Another method is via gas phase, also known as gas-phase transport. In this method, the values are converted into volatile chlorides (gas) of PtCl, PdCl, and so forth. These chlorides are then collected by a condenser or trapped on NaCl crystals. The material is heated and a gas-phase composition is passed through the heated material where it converts the metallics to their respective volatile chrolides which exit the reactor as a gas phase to be captured on salt or condensed._


----------



## lazersteve (Jul 21, 2009)

My Platinum and Palladium DVD covers cats from harvest to melting and every step in between.

I'm nearing the point where I can demonstrate the gas-phase transport method soon in video format.

I've never attempted the alloy collection method you posted since I don't have access to a large furnace. 

Steve


----------



## markqf1 (Jul 21, 2009)

Steve you are an icon.
Rather than hoard your info for profit as, many have done in the past, you have made it readily available to all of the members of this forum.
For that I, for one, salute you and your integrity.

Mark


----------



## Anonymous (Sep 29, 2009)

I would like to find out what to do to order the platinum and palladium dvd. I would also be interested in any information that you could help with on the process for harvesting platinum from harddrive platters.


----------



## patnor1011 (Sep 29, 2009)

albertlarocque said:


> I would like to find out what to do to order the platinum and palladium dvd. I would also be interested in any information that you could help with on the process for harvesting platinum from harddrive platters.



let me do some math based on posts above: 
you will need roughly 30 of platters to make kilo. 30,000 for one metric ton. you said that you can get about 100 a day. it means that you will have your metric ton of platters in 10 months. After 10 months you will harvest 20 grams of platinum which will get you 1000$. That means 100$ a month.
you have to get 100 a day, and all of them have to contain platinum. not all of them does as Steve said and if you will take off at least every sunday you will end up with less than 50$ a month.


----------



## lazersteve (Sep 29, 2009)

albertlarocque said:


> I would like to find out what to do to order the platinum and palladium dvd. I would also be interested in any information that you could help with on the process for harvesting platinum from harddrive platters.
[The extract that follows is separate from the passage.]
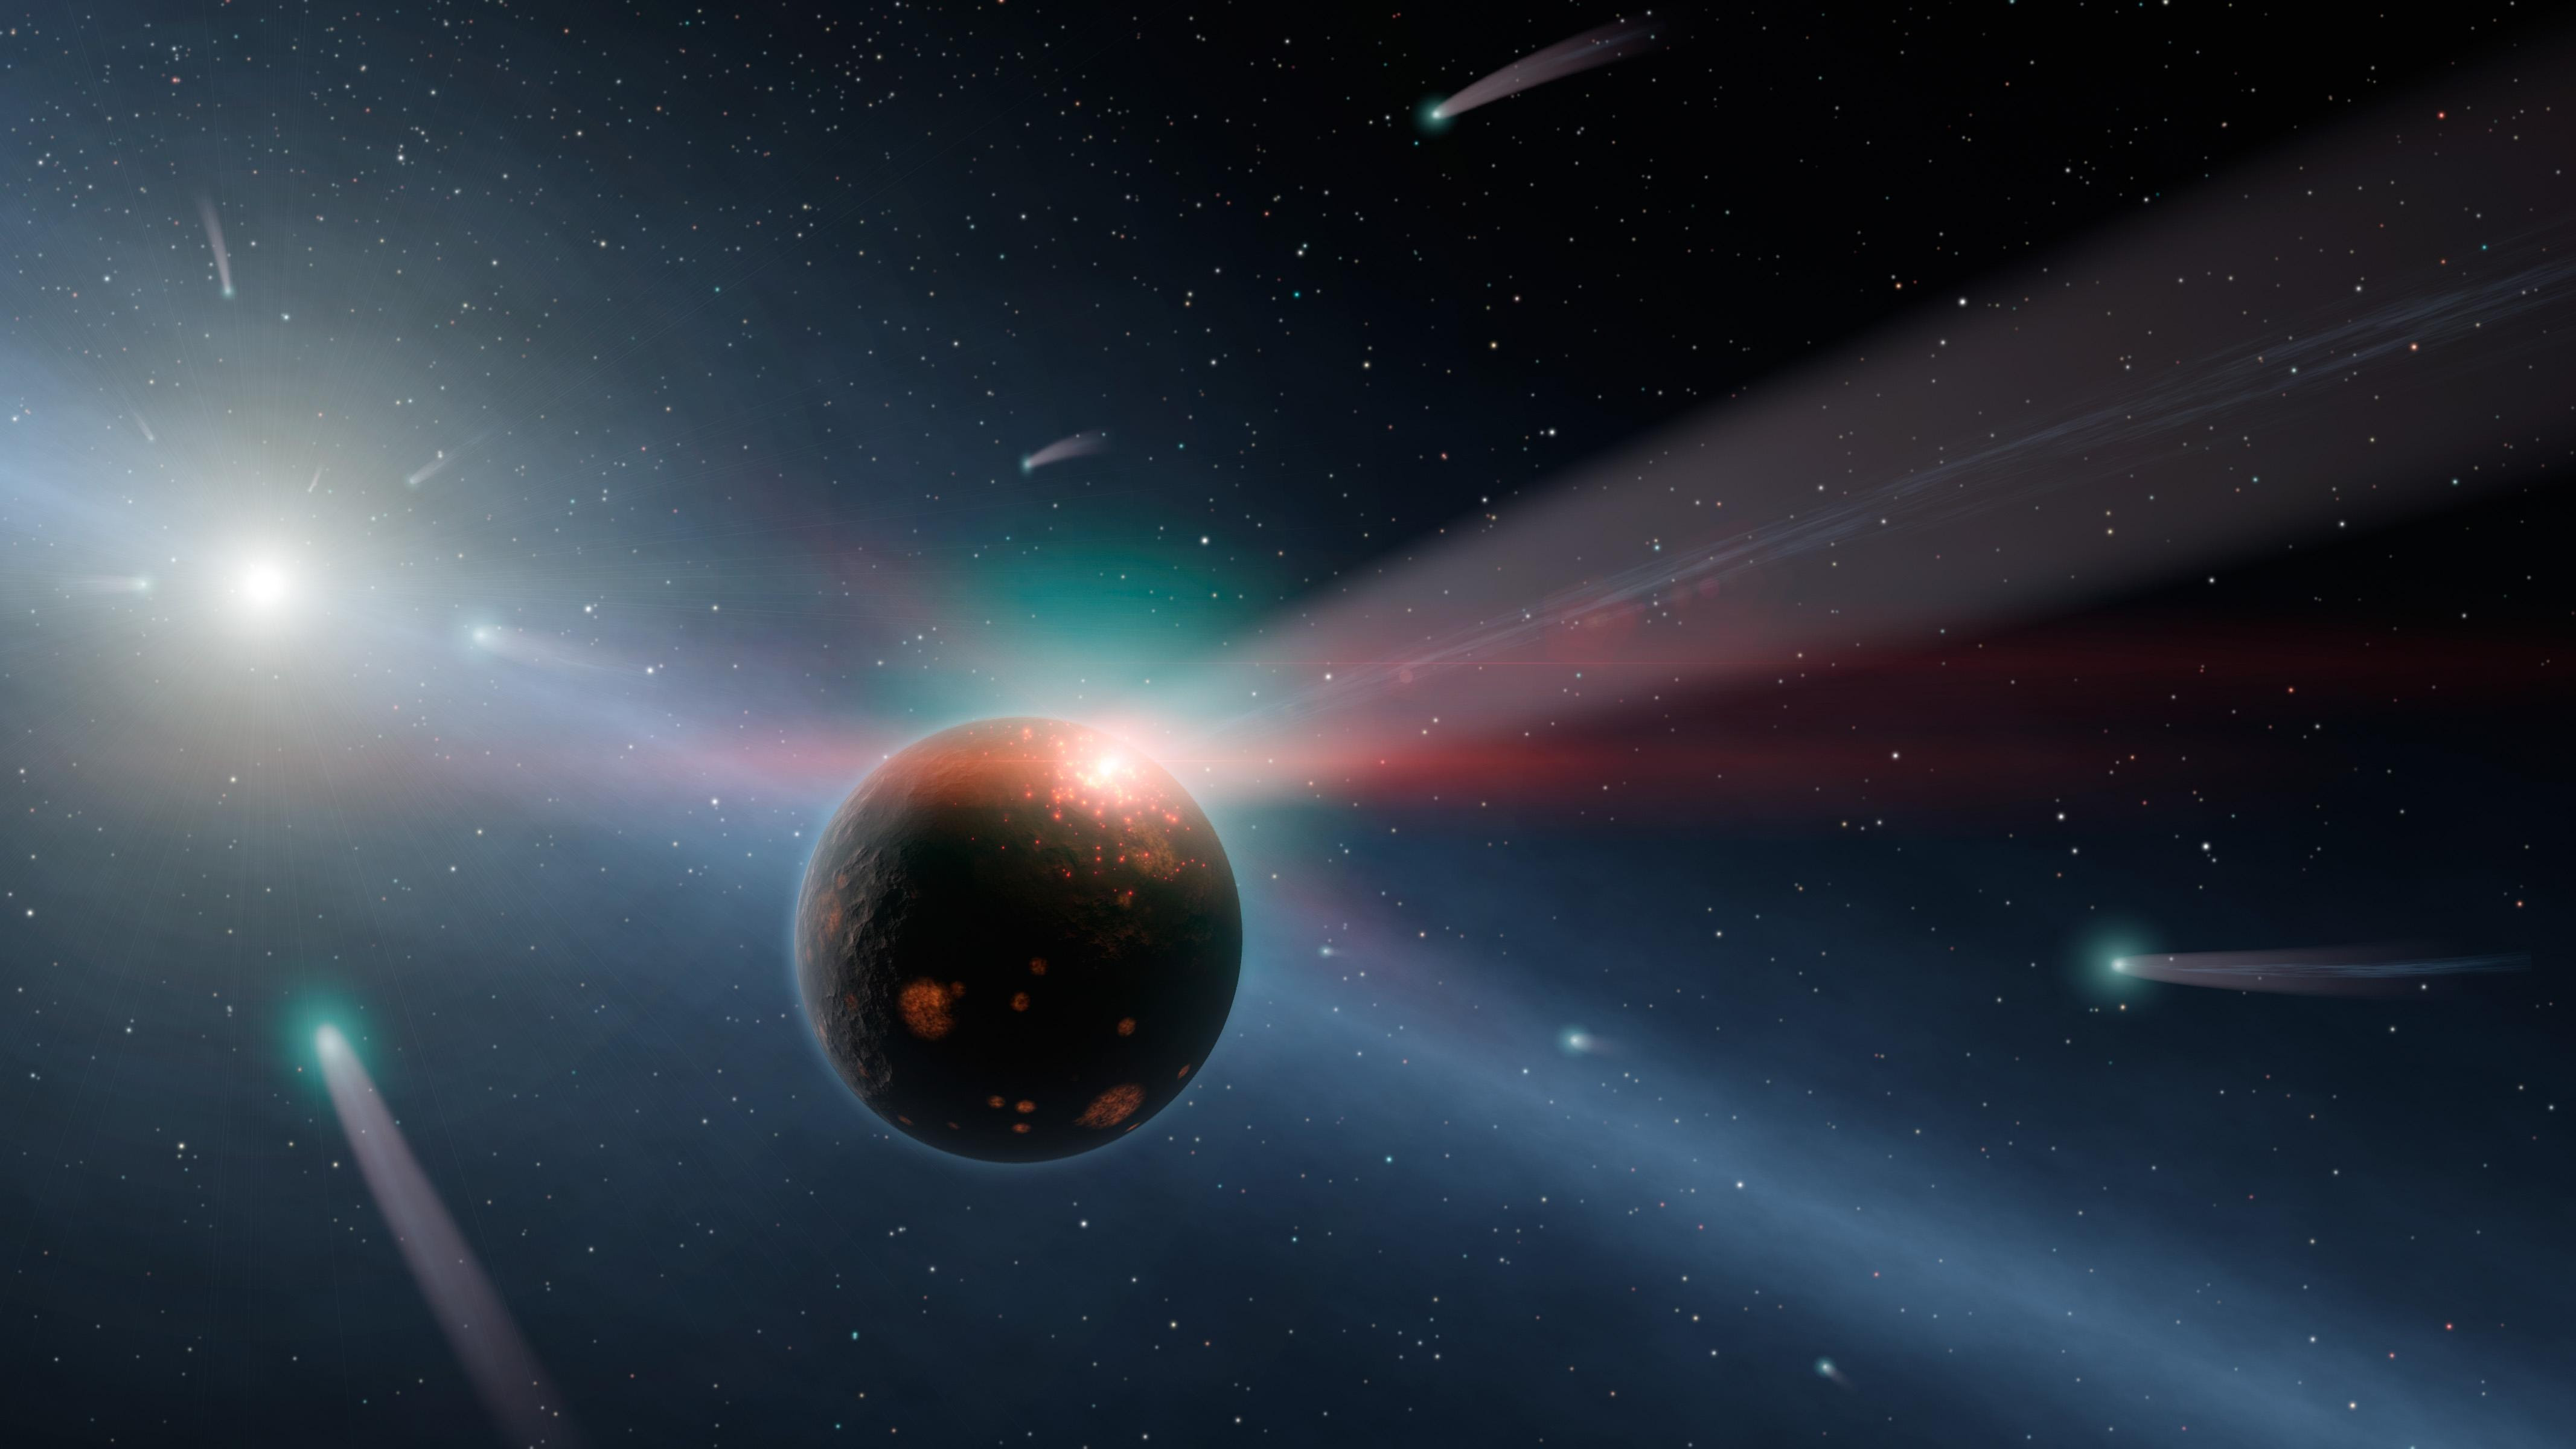 http://upload.wikimedia.org/wikipedia/commons/7/70/It%27s_Raining_Comets_(Eta_Corvi).jpg

I sell the DVD on my website:

http://www.goldrecovery.us

The user name is *gold* and the password is *goldm1ner**

Steve


----------



## lmschers (Sep 26, 2010)

RE: albertlaroque

I read your posted question about refining harddrives.
I have been trying to recycle them too.
I dismantled about 40 of them and saved the disks and magnets (the magnets are just for fun).
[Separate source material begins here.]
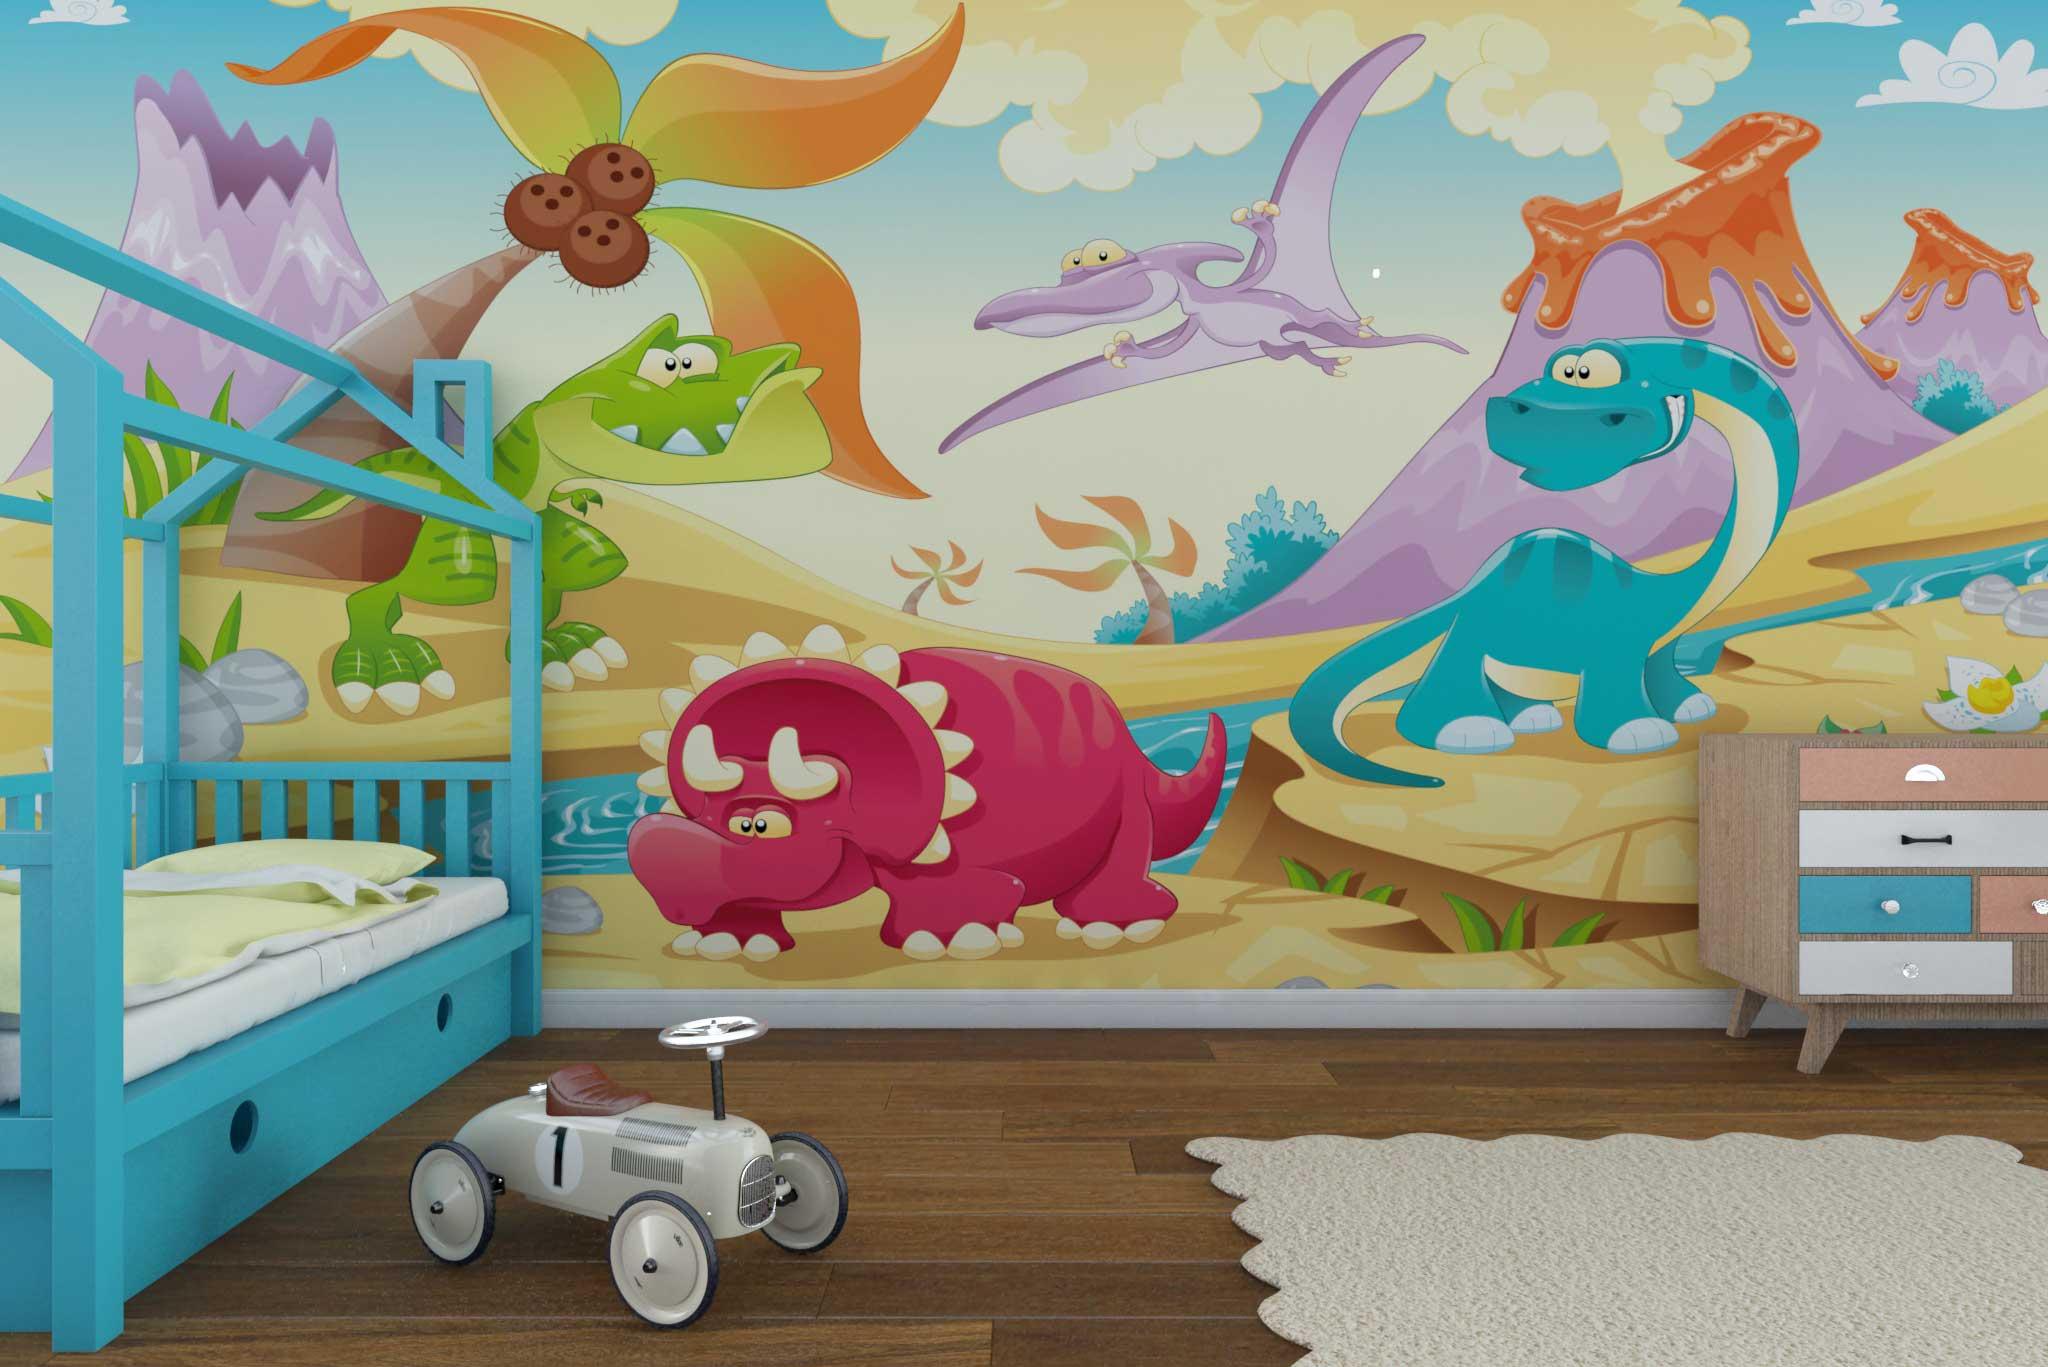 tapet-fototapet-comanda-personalizat-bucuresti-camera-dormitor-copii-model-desen-dinozauri-multicolor

I washed the disks in Aqua Regia and got a vivid green solution. 
I should be able to work out some platinum from it, but not much. I might not see any at all.

You are in a much better position than I, If you can get 100 disks per day, I think you're in luck.
Don't pay attention to the dudes that try to say you can't do it, or it's not worthwhile.
It appears that no one else is doing it. That should be enough reason to make it worthwhile 

I looked for harddisk patents online and found one.
It said that there was a 15-20nm film of platinum on each side of the disk.
So lets add together both sides and safely say there is a 35nm cylinder of platinum on the disk.
volume of a cylinder= (pi) * r^2 * (height)

(3.14 * (4.5cm) * 35nm) - (3.14* 1.5cm* 35nm) = roughly 329nm^3 or .0000329cm^3
this should account for the hole in the disk

Then account for the density of platinum "21.45 g cm^3"
21.45 * .0000329 = .0007 grams of platinum on a disk.

So... If you dissolved 1000 disks, you should get around .7g of platinum.


----------



## patnor1011 (Sep 26, 2010)

lmschers said:


> RE: albertlaroque
> 
> I read your posted question about refining harddrives.
> I have been trying to recycle them too.
> ...



There is gold in oceans saltwater. Tons of gold. Ready to be refined out........It appears that nobody else is doing it. 
But you are certainly not going to make it worthwhile. 
We do not aim to discourage anybody. I am happy when I find new way how to make few bucks. Your way of processing hdd platter is nothing short of wasting money. And if by any chance you can get your acids for free it is still wasting of time.


----------



## lmschers (Dec 9, 2010)

hey don't get me wrong, i'm just trying to be supportive.

1000 disks for .7g isn't exactly a gold mine.
I'm not really thinking about making money with this.
it would just be cool if you could say that you could do it.
dissolving the disks in acid doesn't make any sense, i tried.
So maybe a quick dip would work, or maybe electrolysis will work.

I believe that where there's a will, there's a way.

and yeah, there's gold in salt water.
If you could get the water at the bottom of the ocean... i bet you could get more gold out of it.
it's just not humanly possible to get down into the ocean trenches...
yet.


----------